COCA-COLA ADVERTISEMENT: Fading Sign Covered

RESTORATION BLOCKED BY CITY

Workers prepare the west wall of the building on the south side of the Fayetteville square for stucco Tuesday. The native limestone along with an old Coca-Cola advertisement are in the process of being covered at the behest of the building’s owner.
Workers prepare the west wall of the building on the south side of the Fayetteville square for stucco Tuesday. The native limestone along with an old Coca-Cola advertisement are in the process of being covered at the behest of the building’s owner.

— A fading, painted advertisement that loomed over downtown for decades is gone, covered by exterior renovations to the building where it has long offered passers-by a “delicious and refreshing Coca-Cola.”

Workers have covered the brick wall on which the sign was painted with a synthetic stucco as part of renovations to the building that houses West Mountain Brewing Co. on the downtown square.

photo

Submitted/Sandra Cox

A photo shot last fall shows the fading Coca-Cola sign painted decades ago on a building at Block Avenue and Mountain Street. The sign has now been covered by a building renovation project.

The property, at 21 W. Mountain St., is owned by John Bradberry.

Coca-Cola signs painted in the early 1900s are a staple of American marketing history. The company painted large signs on the sides of buildings in towns big and small. Many have faded, but some have been restored as a part of some communities’ historic preservation efforts.
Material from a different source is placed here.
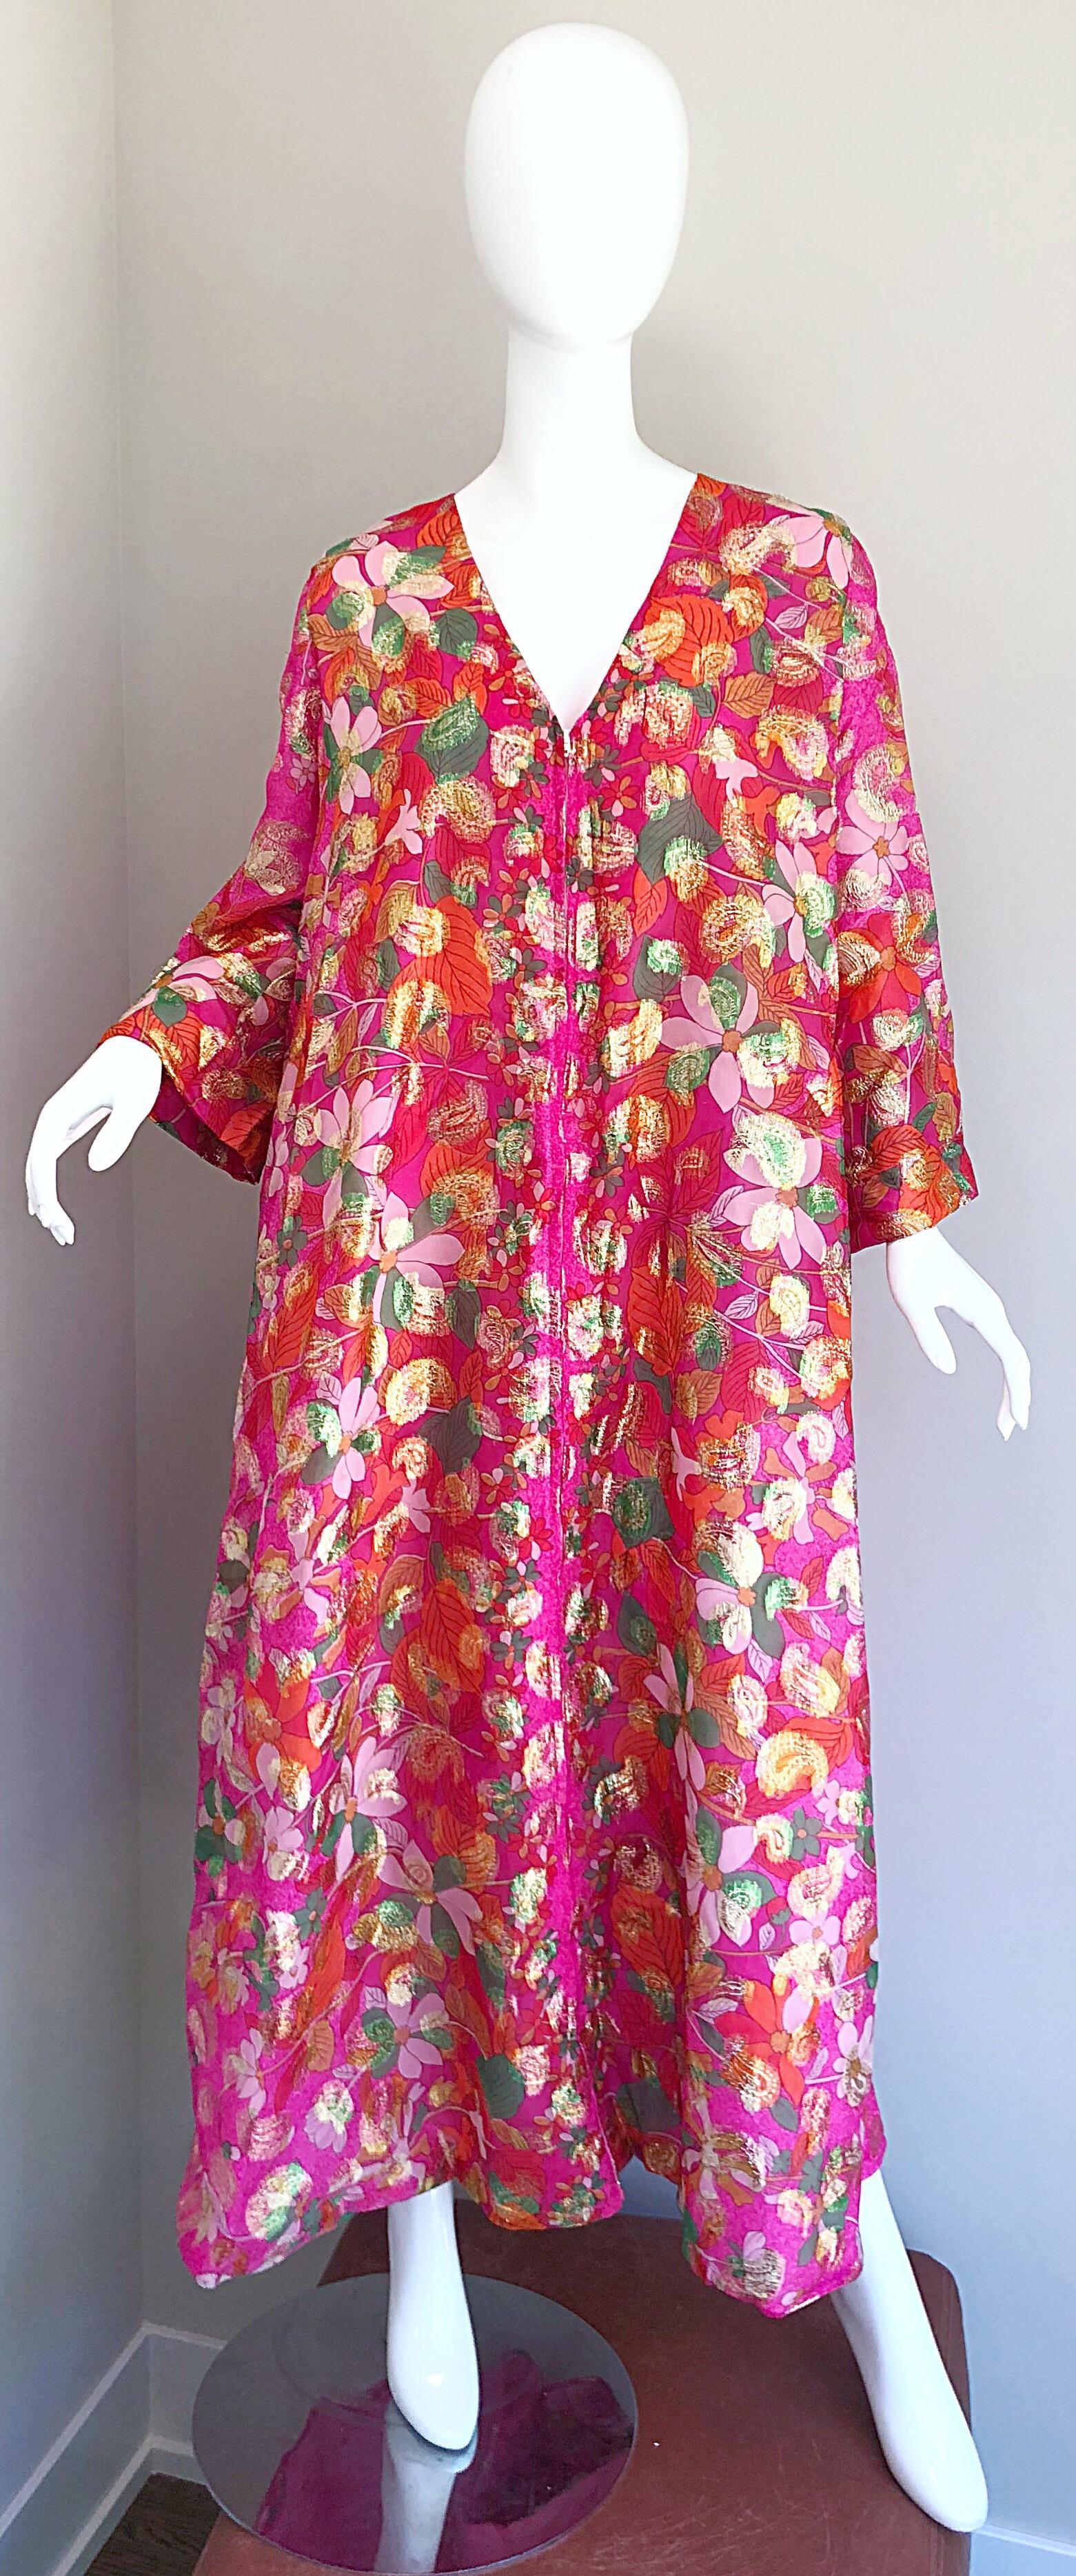 Incredible 70s vintage SAKS FIFTH AVENUE chiffon hot pink and gold kaftan! Features flowers and paisley prints throughout. Vibrant hot pink background, and colorful pops of green, turquoise blue, orange, fuchsia, and purple throughout. Full hidden
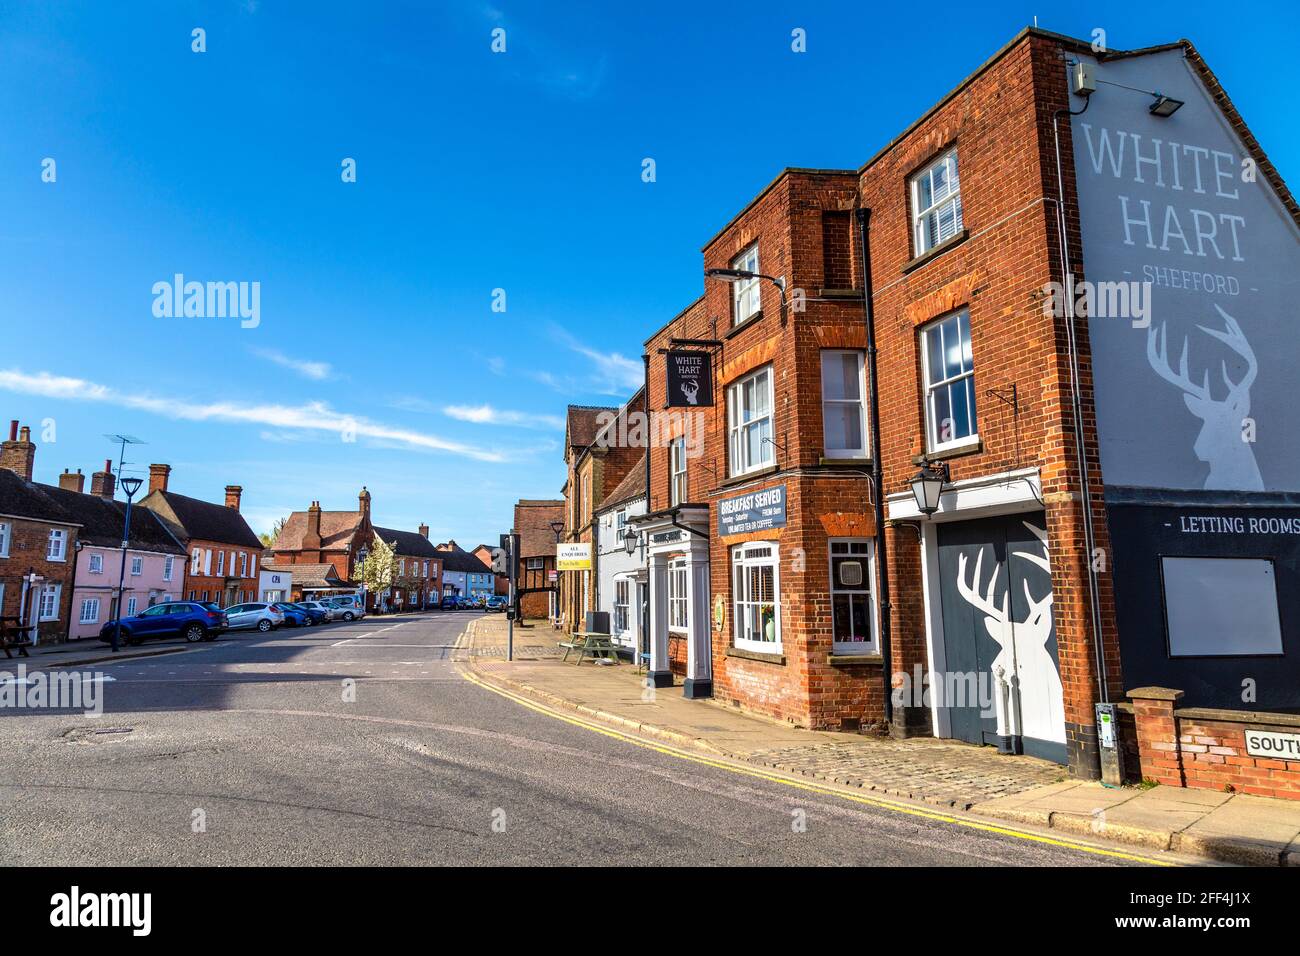 The White Hart Hotel and Northbridge Street in Shefford, Bedfordshire, UK Stock Photo

Don Marr, Mayor Lioneld Jordan’s chief of staff, said Bradberry approached the administration in 2009 about his desire to restore the sign. The administration was initially supportive of the request as long as it fell within the parameters of the Fayetteville sign ordinance, Marr said.

City Attorney Kit Williams confirmed Tuesday even if Bradberry still wanted to restore the aging sign, the city’s sign ordinance would not have permitted it.

Williams said the size and the placement of the ad are both illegal in Fayetteville.

“It’s too big in relation to the rest of the building,” he said. “You can only cover a percentage of your wall. Most importantly, it wasn’t a Coca-Cola building.”

The ordinance prohibits signs advertising a business in another location, such as billboards or signs painted on the sides of buildings.

After the 2009 request, Williams and Jeremy Pate, the city’s development service director, determined a restoration would be illegal in Fayetteville unless the sign ordinance was changed. The ordinance has withstood a court challenge, and Williams has frequently advised city leaders making changes can weaken the ordinance in terms of defending it against other challenges.

Once the city determined the ordinance would not allow a restoration, “that’s when the dialogue stopped” with Bradberry, Marr said.

The city ordinance, which has been in place about 30 years, forced the removal of several nonconforming billboard-style signs over the course of seven years.

“We can’t pick and choose which signs we like and don’t like,” Williams said. “The federal courts don’t like any discretion in that area. I don’t know why the Coca-Cola ad wasn’t removed back then. It may have been so faded at the time that it wasn’t viewed as a regular sign.”

Williams said Bradberry would have been allowed to keep the Coca-Cola advertisement in its original state. Williams said no one ordered him to cover it.

Charlie Alison, a local historian, said the Coca-Cola advertisement was likely painted in the 1920s.

He said local history buffs are sure to be saddened by the painting’s disappearance.

“I think there’s only a couple buildings in the square that show any kind of sense of historic structure, at least on the exterior,” Alison said. “If we want to turn the square into something that’s new and shiny and glittery, then that’s something that can be done. But I think people who care about history and about historic structures and what they say about the community would be sad to lose another wall.”

Calls to Bradberry on Tuesday were not returned.